Thursday, April 12, 2012
According to the trade publication Chinese Restaurant News, there are more Chinese restaurants in the country than Wendy’s, Burger King and McDonald’s franchises combined.
In other words, you could make a compelling case that America’s food is… Chinese food. Or at the very least, adds UC Irvine history Professor Yong Chen, who co-curates The Chinese Restaurant in America at New York City’s Museum of Chinese in the Americas, it’s fundamental to our society’s caloric intake.
“[Chinese food] has become part of our consciousness,” he told the New York Times. “It is quintessentially American.”
Locally, no one does it with quite as much range and value as Happy Dragon. The unassuming spot, quietly located next to a trophy shop and laundromat on Fremont Street in North Monterey, deploys over-the-top Chinese restaurant décor with red lanterns dangling from the ceilings, gold leaf dragons wrapped around a pair of large columns and a statue of Buddha drenched in matching gold. But it’s the bountiful lunchtime menu – offered Monday through Friday from 11am until 2:30pm – that proves to be just as over-the-top, and a major draw for locals-in-the-know. Happy Dragon’s hefty selection of more than 50 lunch specials includes the soup of the day, steamed rice (fried rice or chow mein for an additional $1.75) and fried wontons (dine-in only) for as little as $6.95.

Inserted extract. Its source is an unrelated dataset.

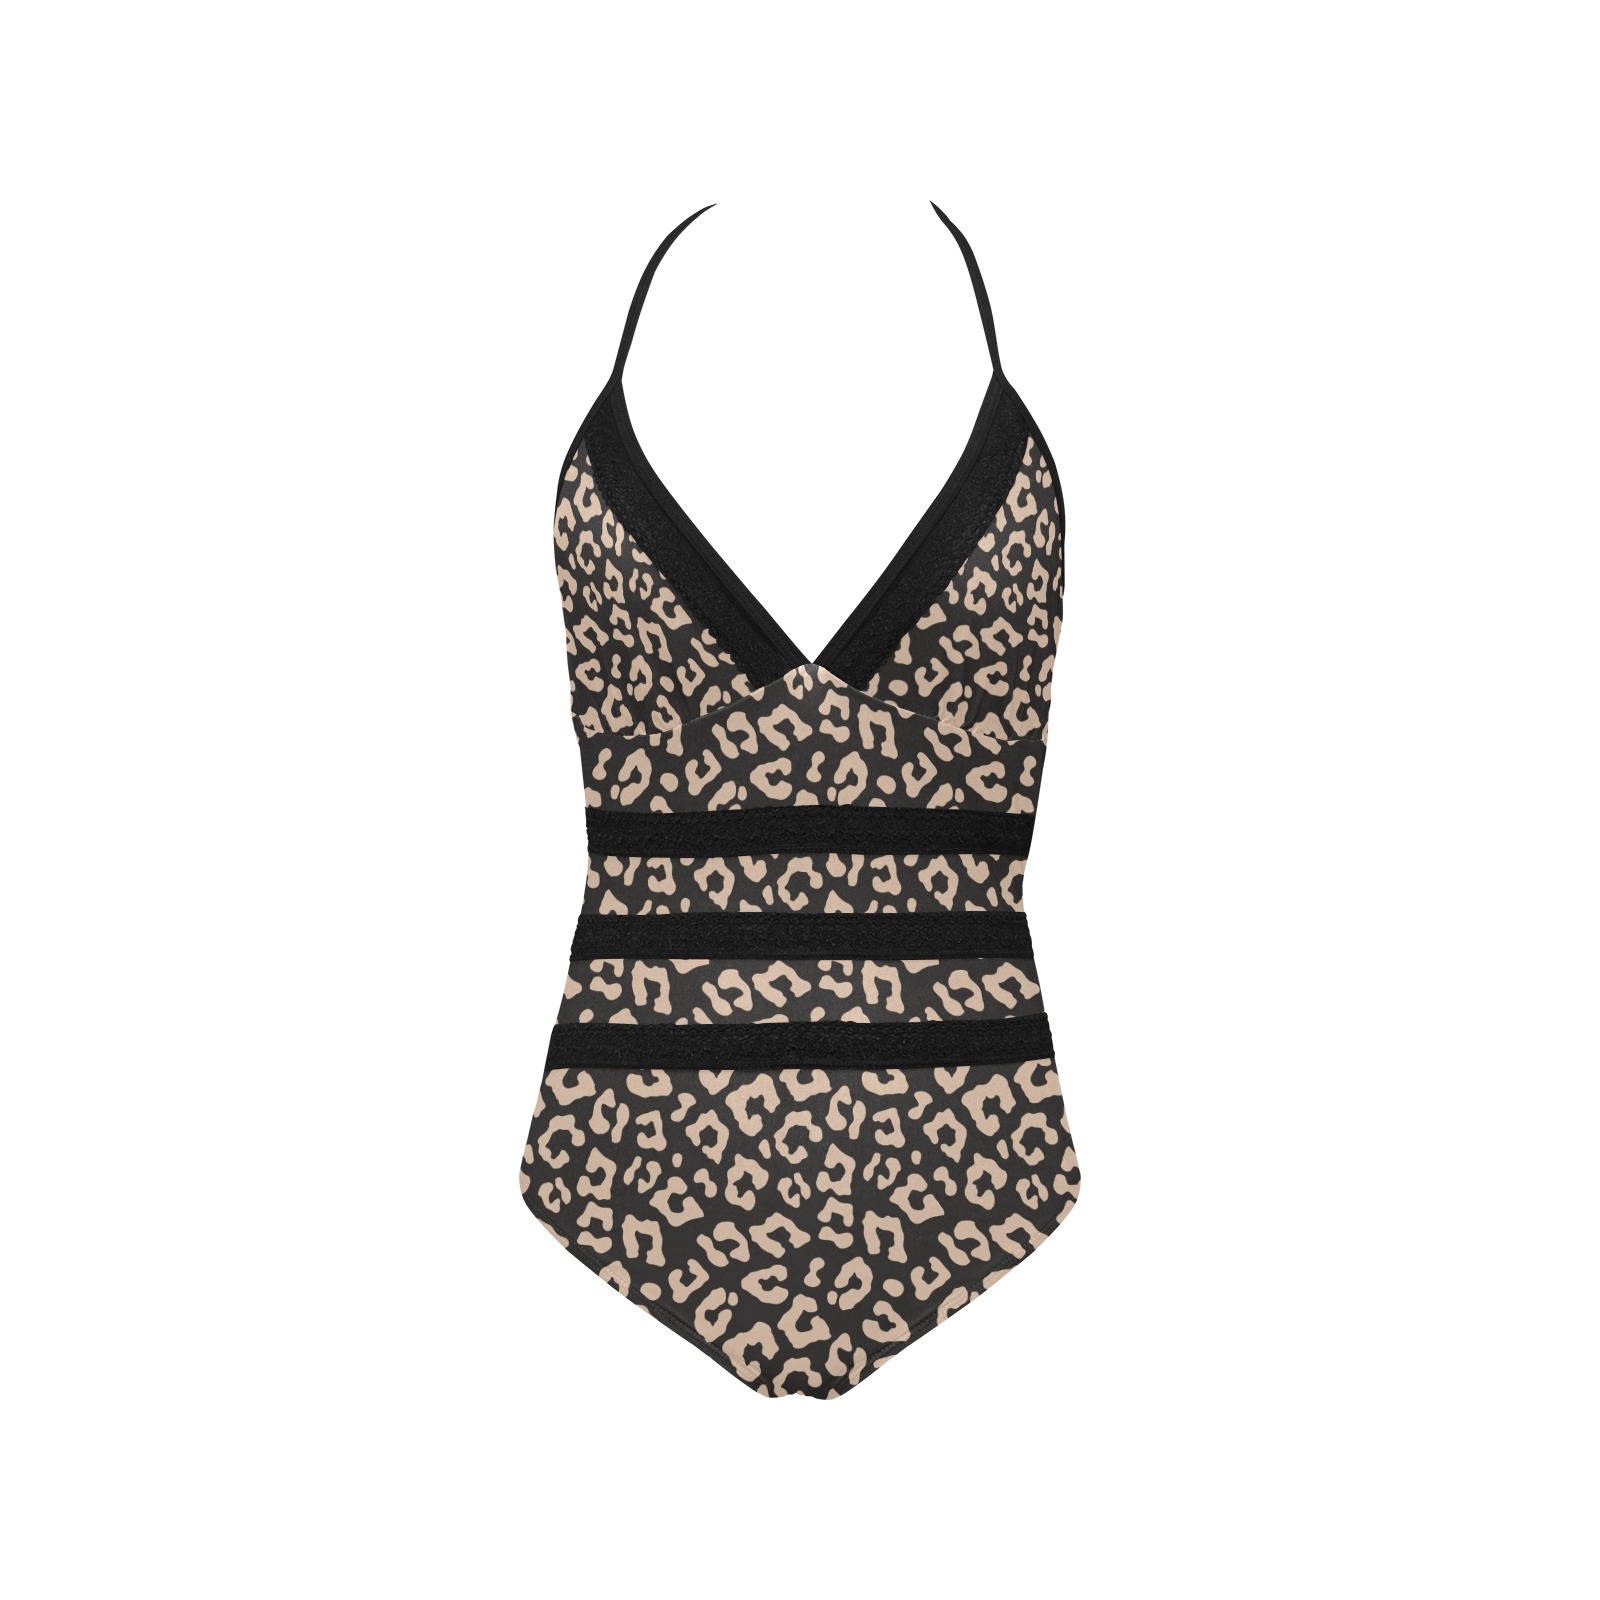 Leopard and Lace Halter Style One Piece Swim Suit Lace Band Embossing Swimsuit (Model S15)

Upon our arrival, a piping-hot cup of egg flower soup is served promptly as a colleague and I peruse the colossal menu and its host of pork, chicken, beef, seafood and vegetarian dishes all less than $10.
I go with the kung pao beef ($6.95), featuring a colorful piles of sliced red and green bell peppers, roasted peanuts, carrots and chili peppers cooked in a cocktail of rice wine, hoisin and oyster sauce. The dish is plenteous in meat and veggies but falls short in the overall heat factor for a dish that usually packs much spice. My buddy goes with a special, asparagus with chicken ($8.95). We agree the dish is unique – and with steamed rice easily enough for two meals – though the overall taste lacks pep.
Vegetarians will like it here: Meat-free delights available every day include Napa cabbage and black mushroom tofu ($9.50) and deep-fried eggplant in fresh lemon or garlic sauce ($8.50). If you’re in the mood for a zesty seafood lunch, Happy Dragon offers squid in black bean sauce ($7.45) and spicy curry prawns ($7.45).
Meanwhile, the restaurant’s dinner menu, which unfolds like a mammoth AAA map of California, features literally hundreds of pork, chicken and beef options, as well as 32 vegetarian plates like spicy Mongolian tofu ($9.25) and curry vegetables ($7.95). The value factor of lunch extends into the dinnertime hours with three $27.95 dinner specials for two – which can easily feed a family of four – and four combo dinners for one ($14.95-$15.45), which all come with an egg roll, fried prawns, two main entrees and fried rice. It’s a lot for a little.
A friend and I go for the $27.95 package that includes hot-and-sour soup, eggrolls, fried prawns, Peking spareribs, Kung pao beef and pork-fried rice. We also order general’s chicken ($9.95), Happy Dragon’s version of General Tso’s chicken, after our waitress informs us that it’s one of the most popular items.
The dish is quintessential East-meets-West cuisine: chicken deep fried in a cakey batter and slathered in rich, sweet-and-spicy sauce. It feels more like a dessert than a main course. The Peking spareribs – miniature pork riblets bathed in sweet and sour sauce – are quite tasty, though they’re a tad sweet. The one part of our meal that stands out above everything else is the hot-and-sour soup (also a la carte at $7.25/medium; $8.95/large), one of the most satisfying takes on the classic dish that I’ve tasted thanks to a beautiful auburn-colored broth of white pepper (the hot) and Chinese black vinegar (the sour). It also shares the strength to combat the nastiest of head colds, and the thin slices of pork, shiitake mushrooms, bamboo shoots, tofu strips, egg, lily buds and tree ear fungus create a robust orchestra of texture, flavor and color that eats like a meal.
Another Happy Dragon standout is their barbecue sparerib appetizer ($6.95). The four lean, bone-in pork ribs are served on a bed of crisp shredded lettuce. The best part about these ribs: their smoky flavor born of a semi-sweet dry rub, a welcome shift from the usual dousing of heavy sweet-and-sour sauce. The Szechuan-style green beans ($9.45) have also earned a place in my heart. The simple homily of garlic, ginger, red pepper flakes and soy sauce coats – without saturating – each green bean evenly, giving every bite a tangy and spicy personality.
A note on making your exit: Whether you go for lunch or dinner, there’s no way to avoid leaving without an ample-sized bag of leftovers. But leftover Chinese food is often even better. More good news: The joint is family-owned by longtime locals, and their vast array of reasonably priced dishes can also be delivered to your doorstep. It’s Chinese food news like that that makes me proud to be an American.